To test this hypothesis, food allergen specific T cell responses were examined during a 16-week clinical trial of omalizumab in nine subjects with eosinophilic gastroenteritis and food sensitization. Allergen specific T cell responses were measured using carboxyfluorescein succinimidyl ester dye dilution coupled with intracellular cytokine staining and polychromatic flow cytometry. Four independent indices of allergen specific T cell response (proliferation, Ag dose response, precursor frequency, and the ratio of Th2:Th1 cytokine expression) were determined.


Eight of the 9 subjects had measurable food allergen specific responses, with a median proliferation index of 112-fold. Allergen specific T cell proliferation was limited to CD4 T cells, whereas CD8 T cell did not proliferate. Food allergen specific responses were Th2 skewed relative to tetanus specific responses in the same subjects. In contradistinction to the original hypothesis, anti-IgE treatment did not diminish any of the four measured indices of allergen specific T cell response.

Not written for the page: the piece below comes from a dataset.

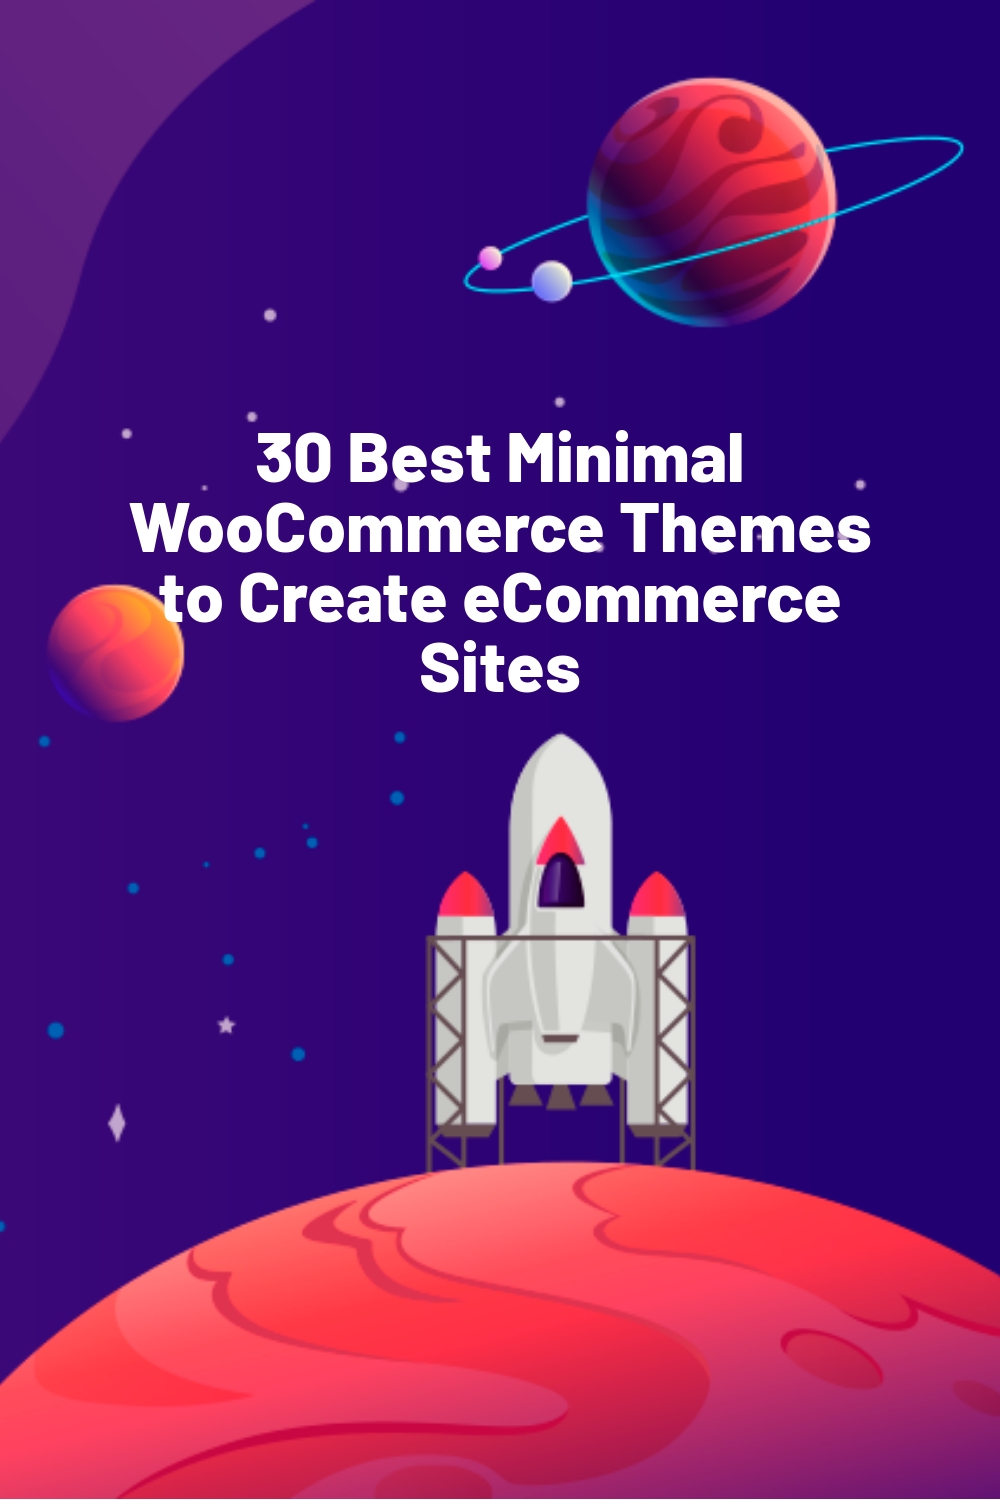 30 Best Minimal WooCommerce Themes to Create eCommerce Sites

In sum, using multiple indices of T cell function, this study failed to demonstrate that anti-IgE therapy broadly or potently inhibits allergen specific T cell responses. As such, these data do not support a major role for IgE facilitated Ag presentation augmenting allergen specific T cell responses in vivo.

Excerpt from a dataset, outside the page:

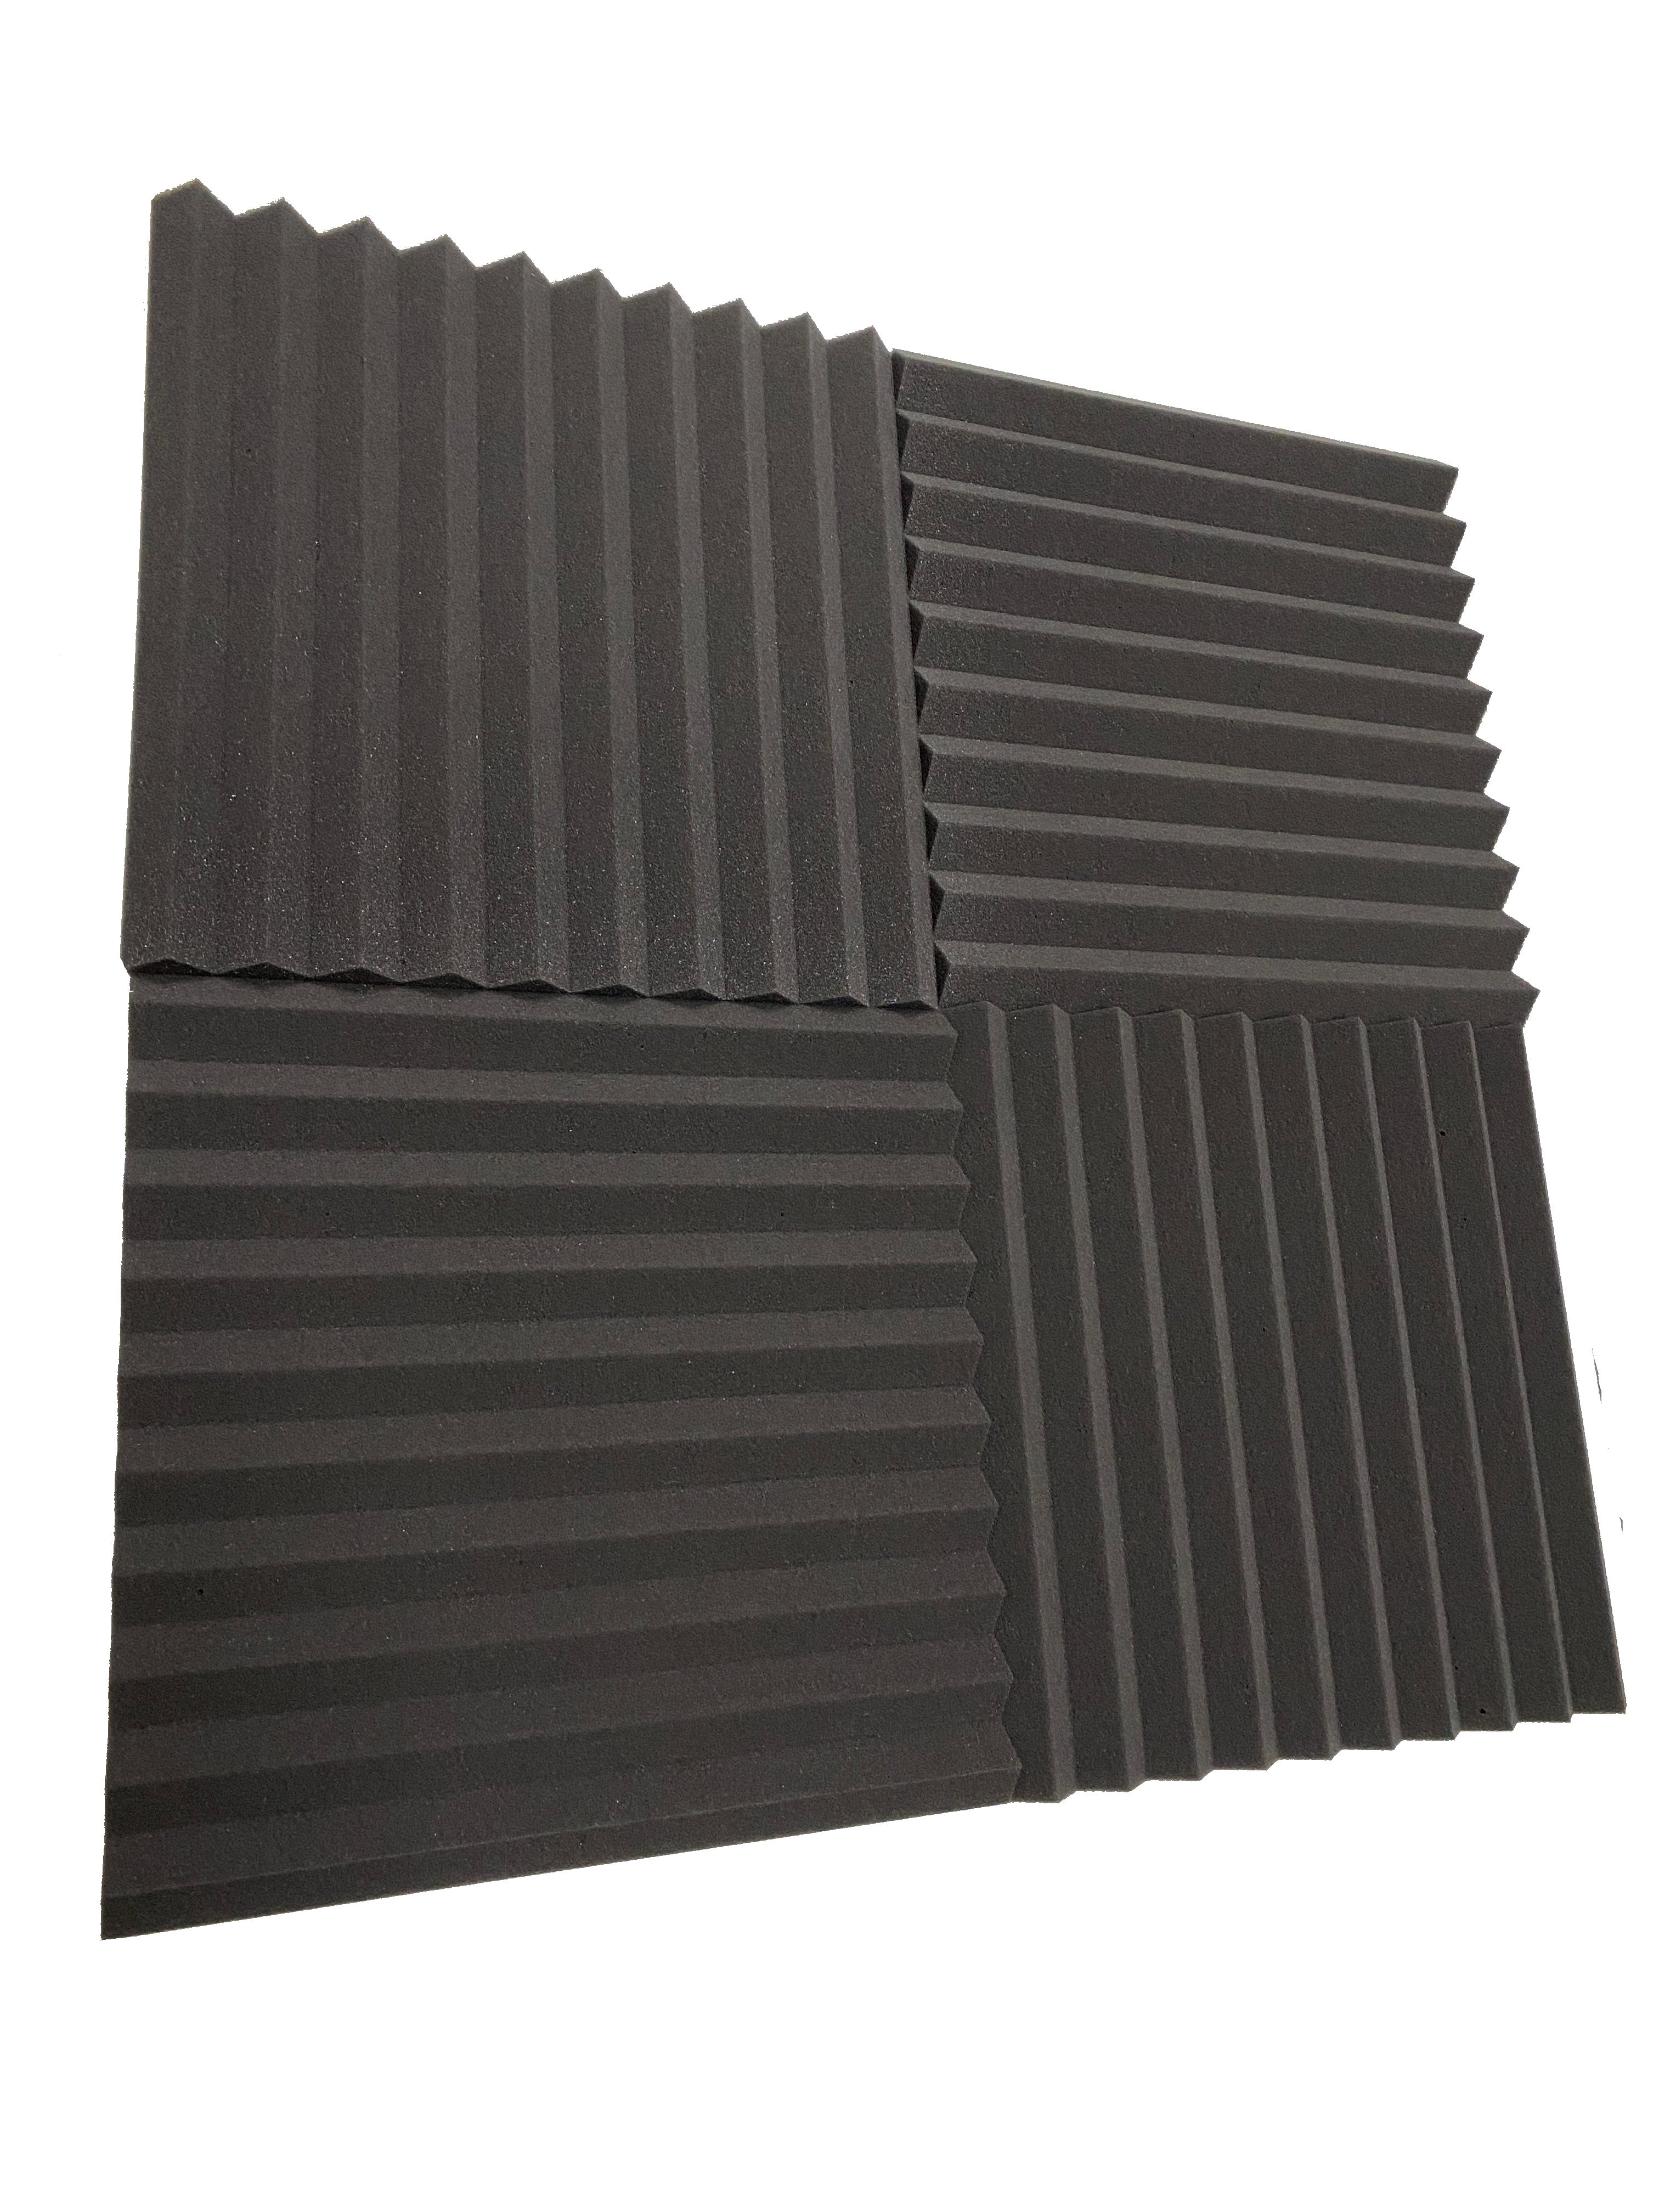 Wedge 15" Acoustic Studio Foam Tile Kit

Trial registration identifier NCT00084097


FcεRI, the high affinity IgE receptor, is expressed by mast cells and basophils, and upon cross-linking by allergen activates these cells, leading to immediate hypersensitivity[1]. FcεRI is also expressed by dendritic cells (DCs) and monocytes and in this capacity FcεRI may have additional functions beyond immediate hypersensitivity. FcεRI expression by APCs can facilitate the IgE mediated uptake of allergen, ultimately resulting in enhanced antigen presentation and increased T cell activation in vitro[2]. In a similar manner, CD23, the low affinity IgE receptor expressed by B cell can also preferentially capture IgE bound allergen, resulting in enhanced antigen presentation[3]. Such "IgE facilitated antigen presentation" or "antigen capture" can shift the in vitro T cell proliferation dose response to allergens by 100-1000-fold[2, 3].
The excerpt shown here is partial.